Zameret made the case that Bernadotte's proposals for Arab-Israeli peace were aimed at rolling back the UN Partition Plan that was voted on and approved on November 29, 1947. The motivation for the count's intentions, Zameret suggested, was anti-Semitism.

"I am convinced and certain that [Wallstrom's] designs will evaporate, just as all of the disreputable count's designs evaporated," Zameret wrote.

The last sentence evoked controversy on social media, with some speculating that Zameret was implicitly suggesting that Wallstrom will meet the same fate as Bernadotte.

"No, no, no, God forbid," Zameret said when contacted by The Jerusalem Post on Tuesday. "I decry all murder. I am not one of those who believe that the solution is killing."

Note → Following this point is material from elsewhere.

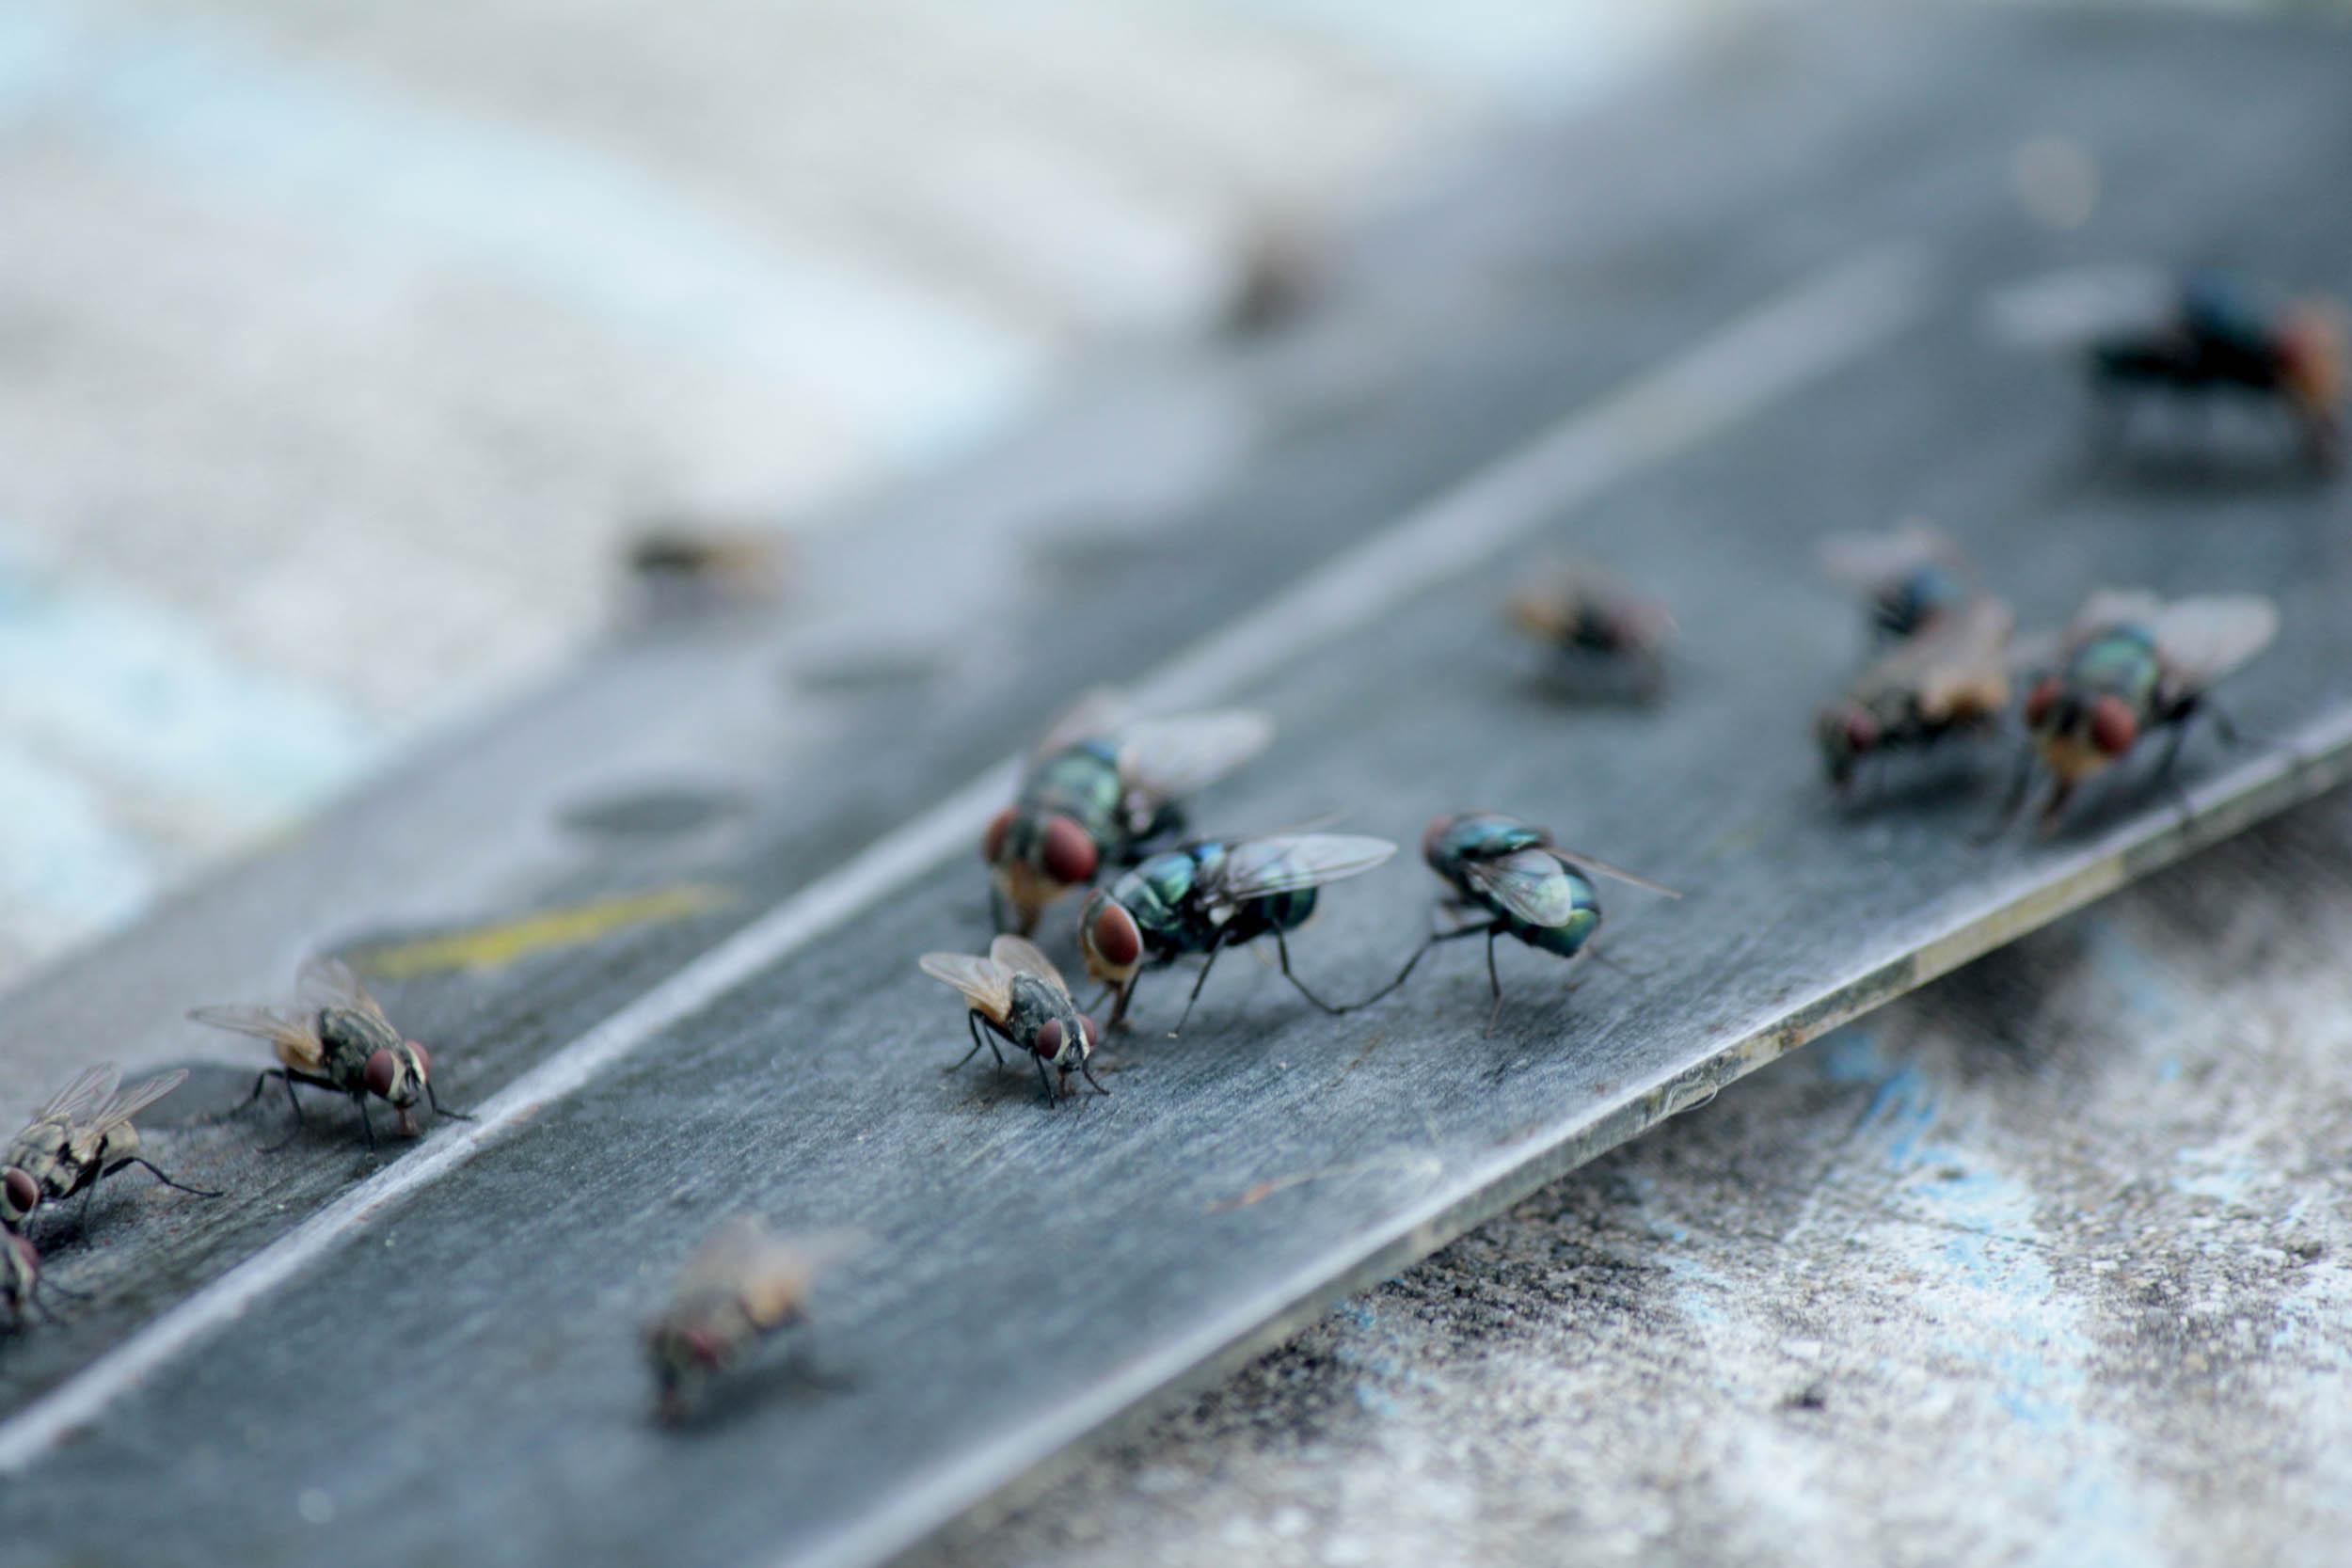 Experto explica a qué se debe la aparición repentina y masiva de moscas

"I'm happy that Bernadotte's plan was rejected," Zameret said, but that in no way means that he was pleased with the assassination.

The former Education Ministry official went on to say that "what Wallstrom said is unacceptable."

"We are defending ourselves [against Palestinian terrorism]," Zameret said. "What are we supposed to do? Hug those that try to kill us."

When asked if Israel was using excessive force in subduing Palestinian terrorists, as Wallstrom has suggested, Zameret said: "That's what someone who doesn't know what they're talking about is saying."

"I'm certain that if terrorists were killing people for 100 consecutive days in Sweden, they would respond the same way," he said.